→ **Task statement**: Leaving out the images, please reproduce each line below exactly.

Start of Source material

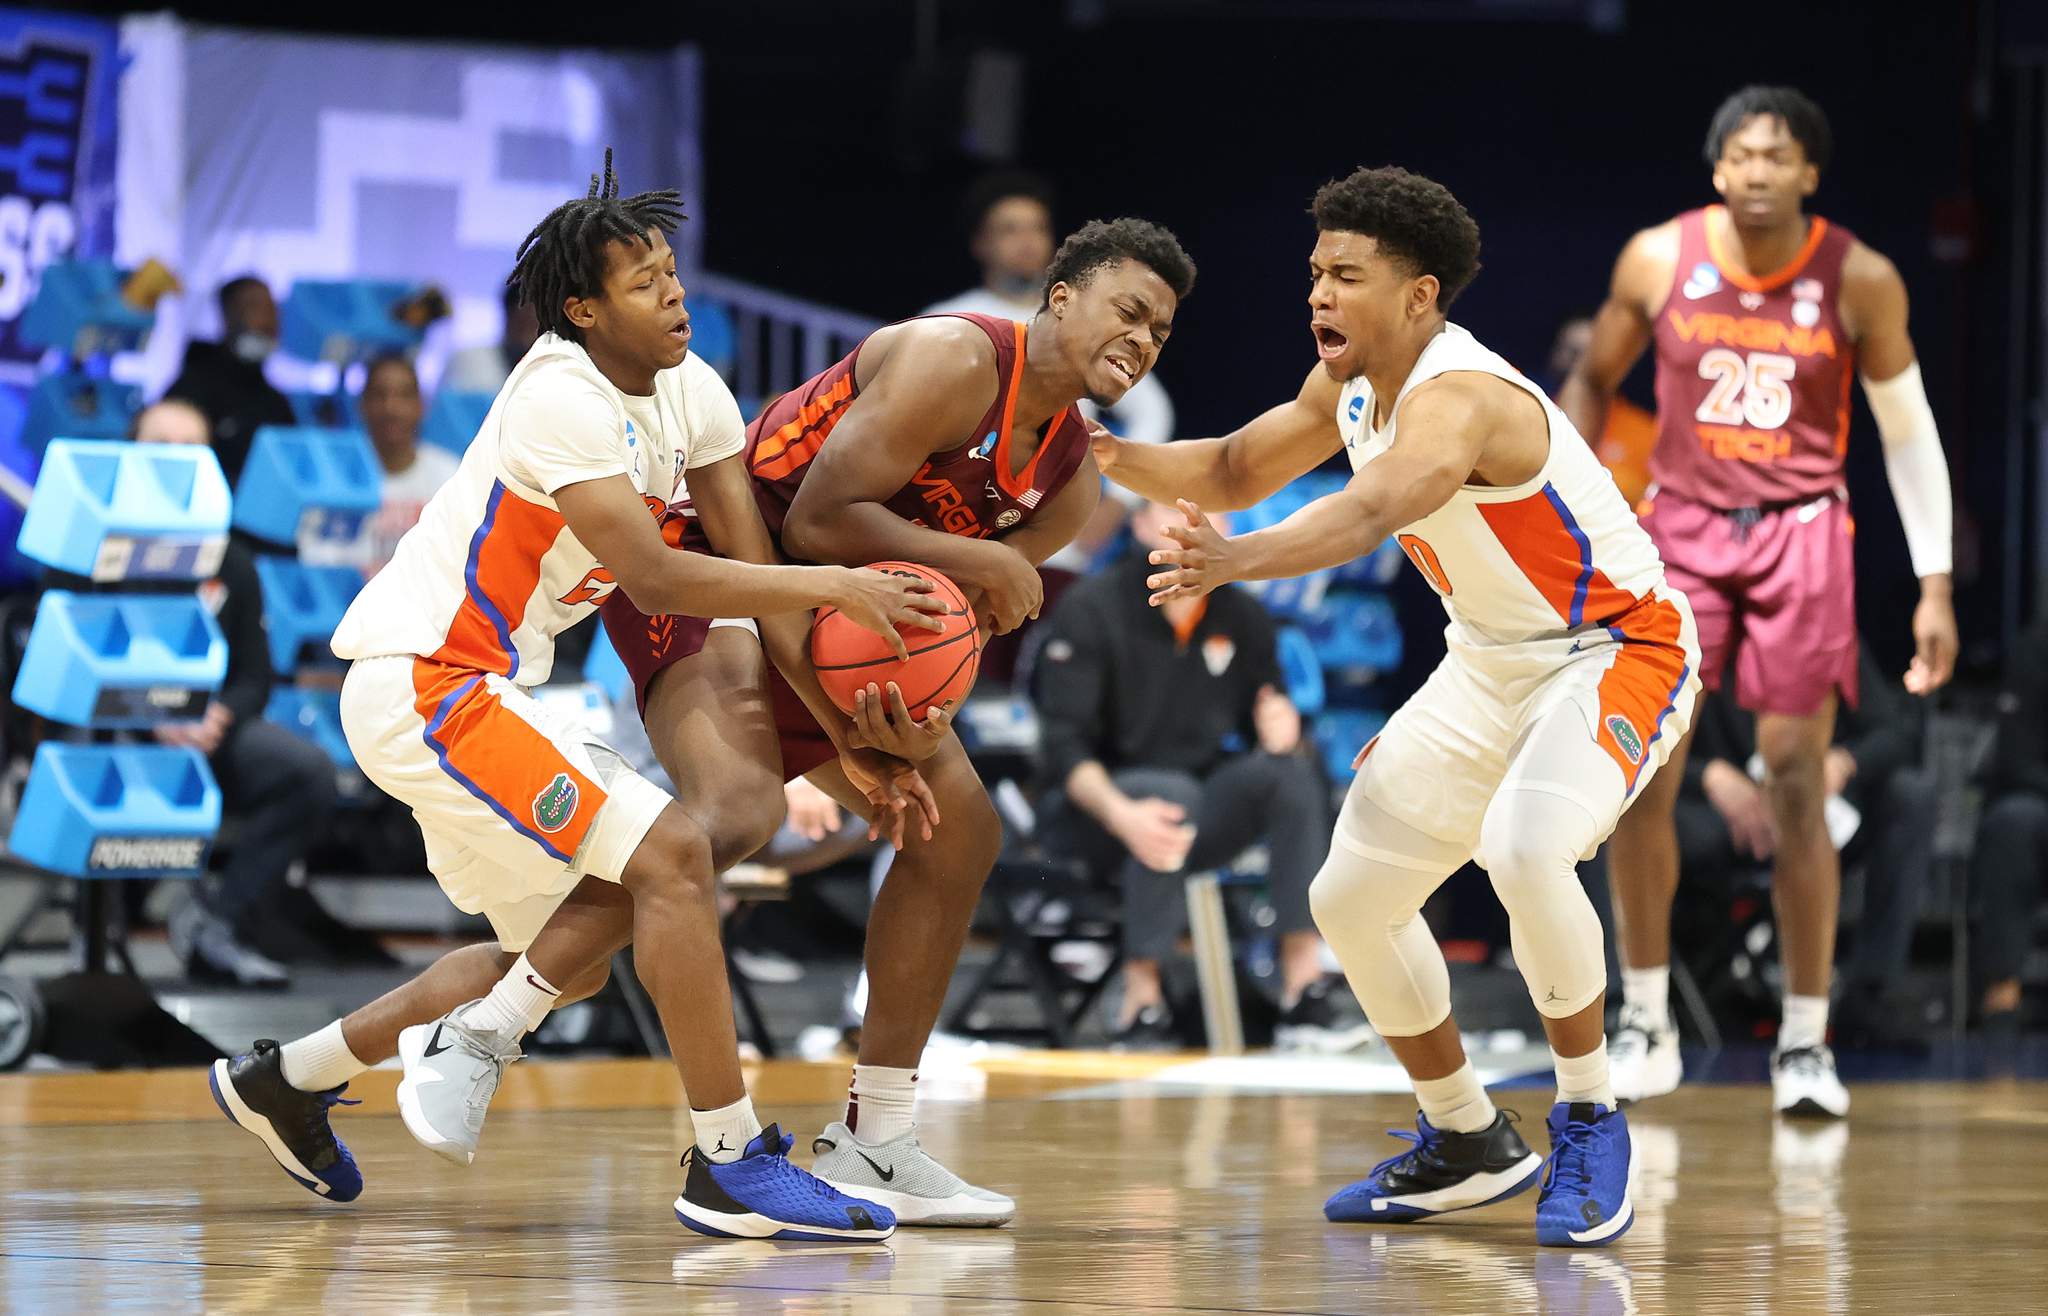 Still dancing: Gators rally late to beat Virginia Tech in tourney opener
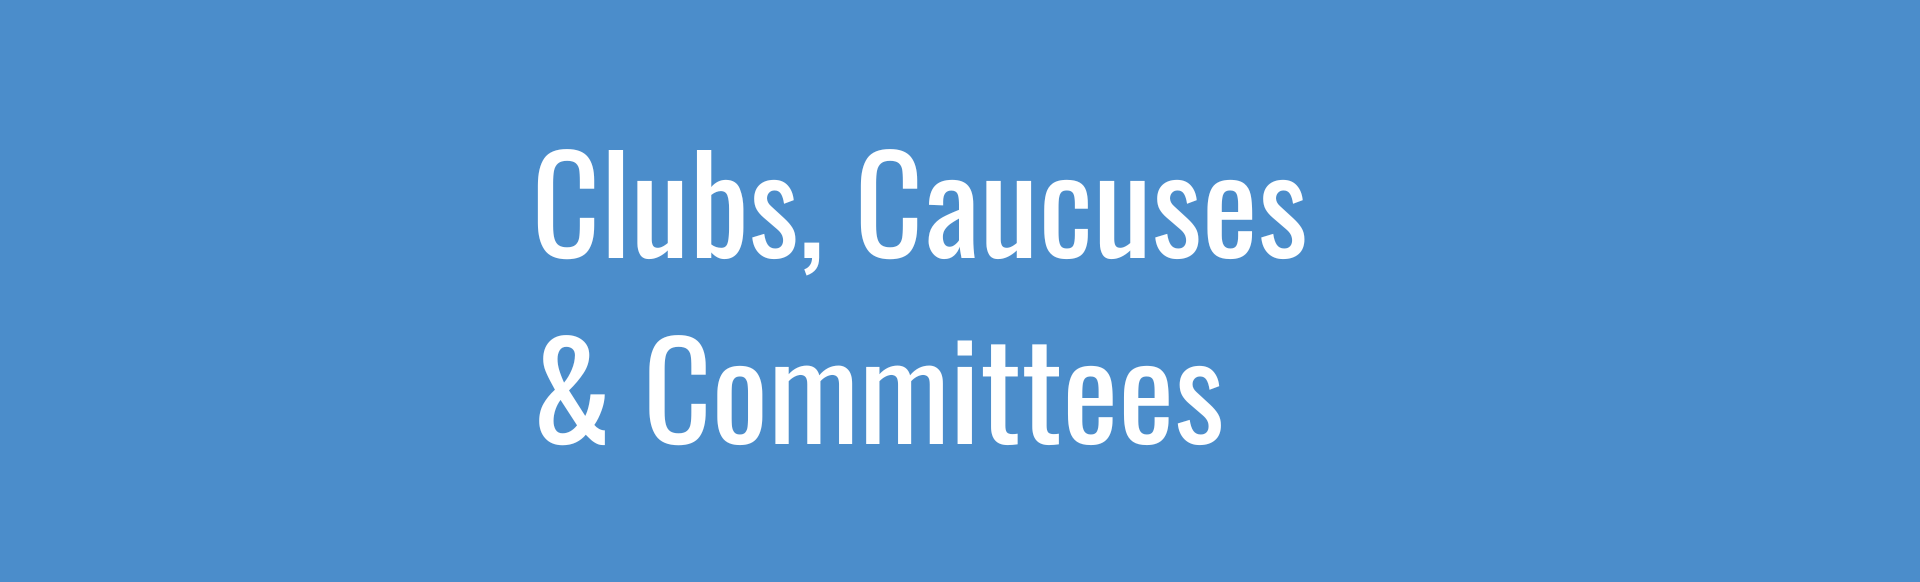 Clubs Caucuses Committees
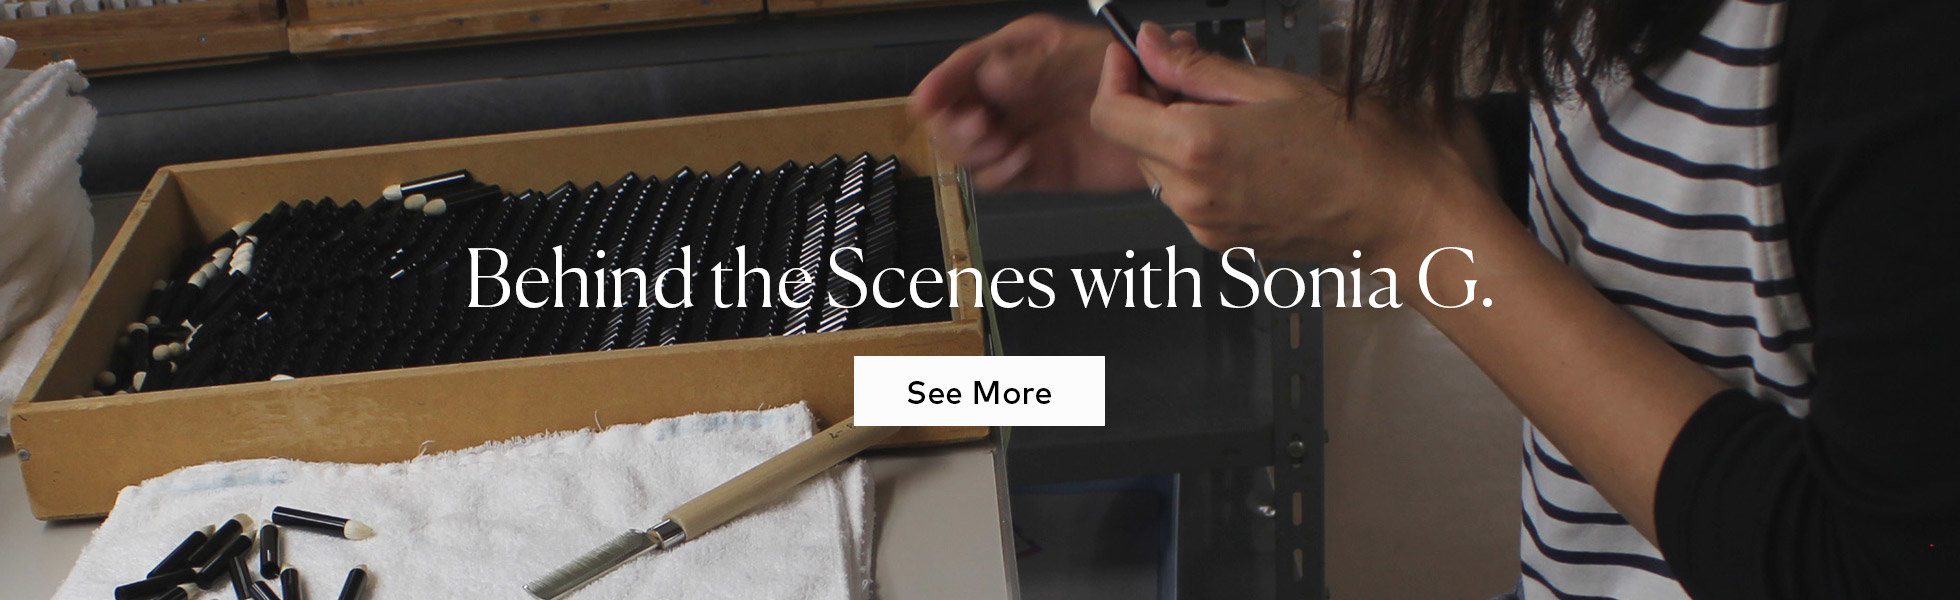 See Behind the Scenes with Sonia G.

End of Source material

→ **Your solution**:
 Still dancing: Gators rally late to beat Virginia Tech in tourney opener
 Clubs Caucuses Committees
 See Behind the Scenes with Sonia G.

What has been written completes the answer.